DS4PS / cpp-529-fall-2020

http://ds4ps.org/cpp-529-fall-2020/
0 stars 0 forks source link

Lab 5 - Matching columns in the map #25

Open JasonSills opened 3 years ago

JasonSills commented 3 years ago

Hi @lecy ,

I'm having difficulty syncing the GEOID and tractID to construct my map. I see that the two are not the same format. It looks like the GEOID in the data I used to construct my map is FIPs, but all numeric. In the tractID it's standard FIPs. I'm assuming this is my problem and why the two will not merge, so I've tried to pull out the numeric values of the tractID with the following regex. The problem is that I cannot seem to get rid of the "-". Can you tell me what I'm missing out on? Or if there is a better way to sync the two data sets?

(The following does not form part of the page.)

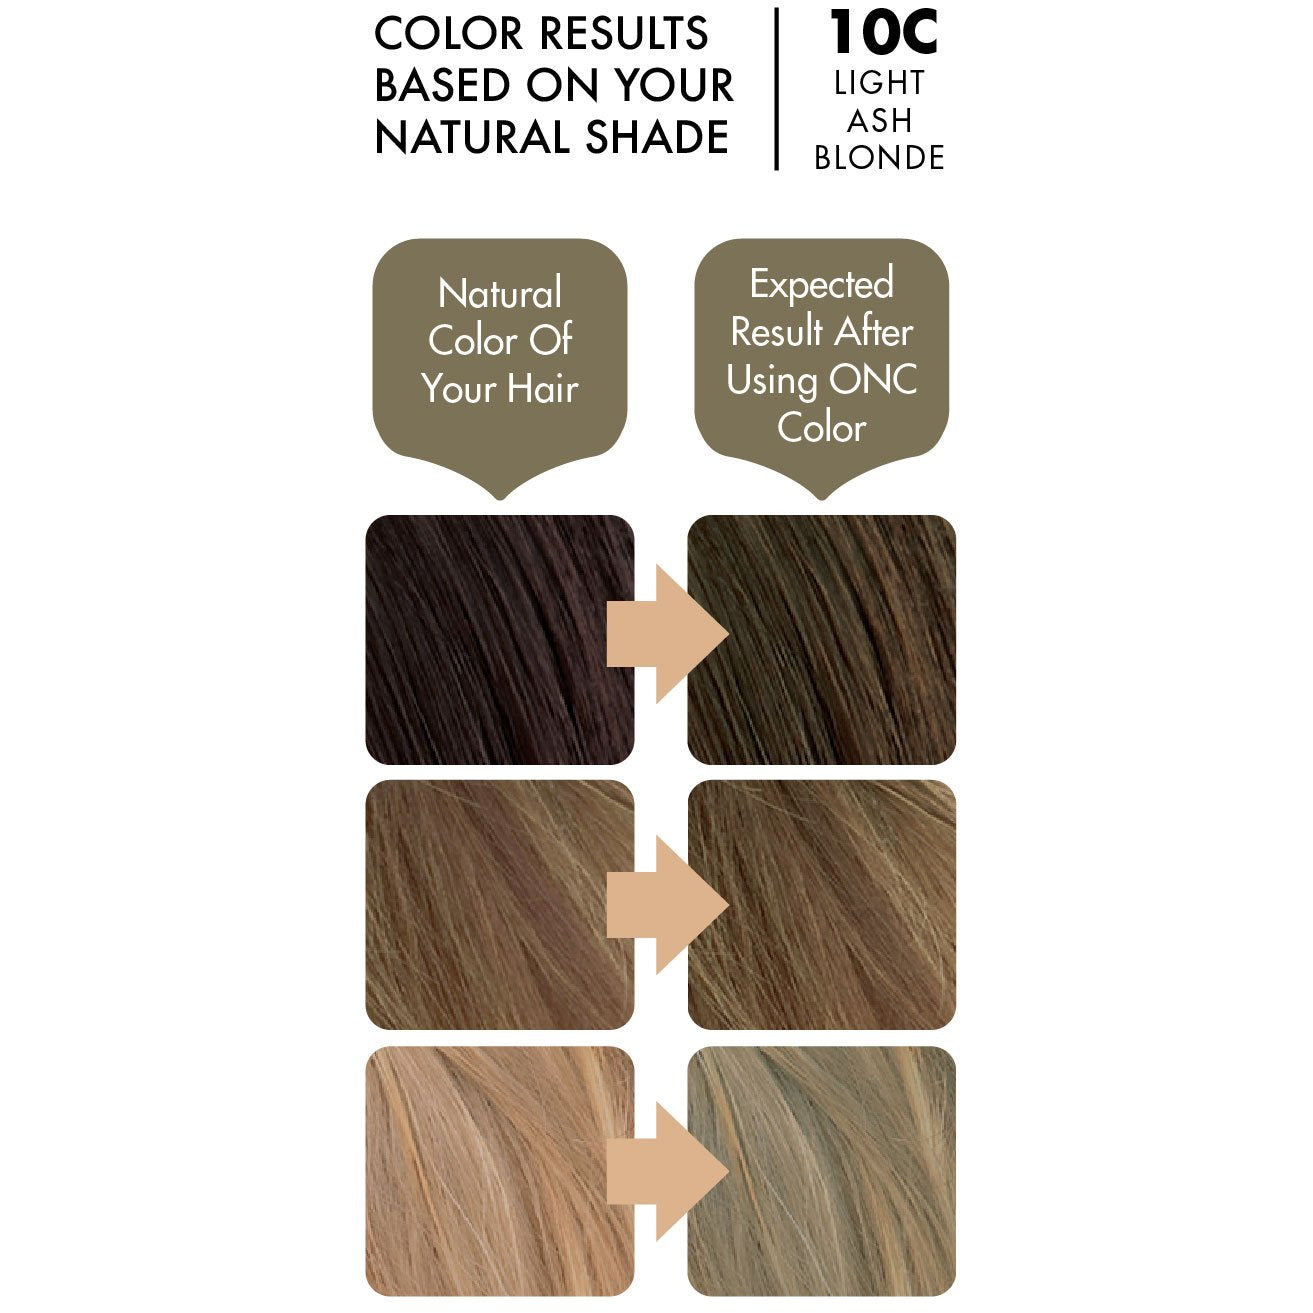 10C Light Ash Blonde Heat Activated Hair Dye With Organic Ingredients - 120 ml (4 fl. oz)

regexp1 <- sub('.*-([0-9]+).*?','\\1',d$tractid)
d$geoid1 <- str_extract(d$tractid, regexp1)
d$geoid1

image

JasonSills commented 3 years ago

Okay, I got scrappy and did this, but I'd love to know what regex would pull this out without the additional steps below.

regexp1 <- sub('^[^-]*-([0-9]+).*?','\\1',d$tractid)
d$geoid1 <- str_extract(d$tractid, regexp1)
step1 <- substr(d$geoid1, start = 1, stop = 2)
step2 <- substr(d$geoid1, start = 4, stop = 6)
step3 <- substr(d$geoid1, start = 8, stop = 13)
d$geoid <- paste0(step1,step2,step3)
lecy commented 3 years ago

How about something like:

x <- head( d$tractid )
x
[1] "fips-01-001-020100" "fips-01-001-020200" "fips-01-001-020300"
[4] "fips-01-001-020400" "fips-01-001-020500" "fips-01-001-020600"

x <- gsub( "fips", "", x )
x <- gsub( "-", "", x )

x
[1] "01001020100" "01001020200" "01001020300" "01001020400" "01001020500"
[6] "01001020600"

Or more succinctly, use the regular expression for "remove everything but numbers":

x <- head( d$tractid )
gsub( "[^0-9]", "",  x )   # replace not numbers 
[1] "01001020100" "01001020200" "01001020300" "01001020400" "01001020500"
[6] "01001020600"
lecy commented 3 years ago

Remember to convert both IDs to numbers to avoid the leading zero problem!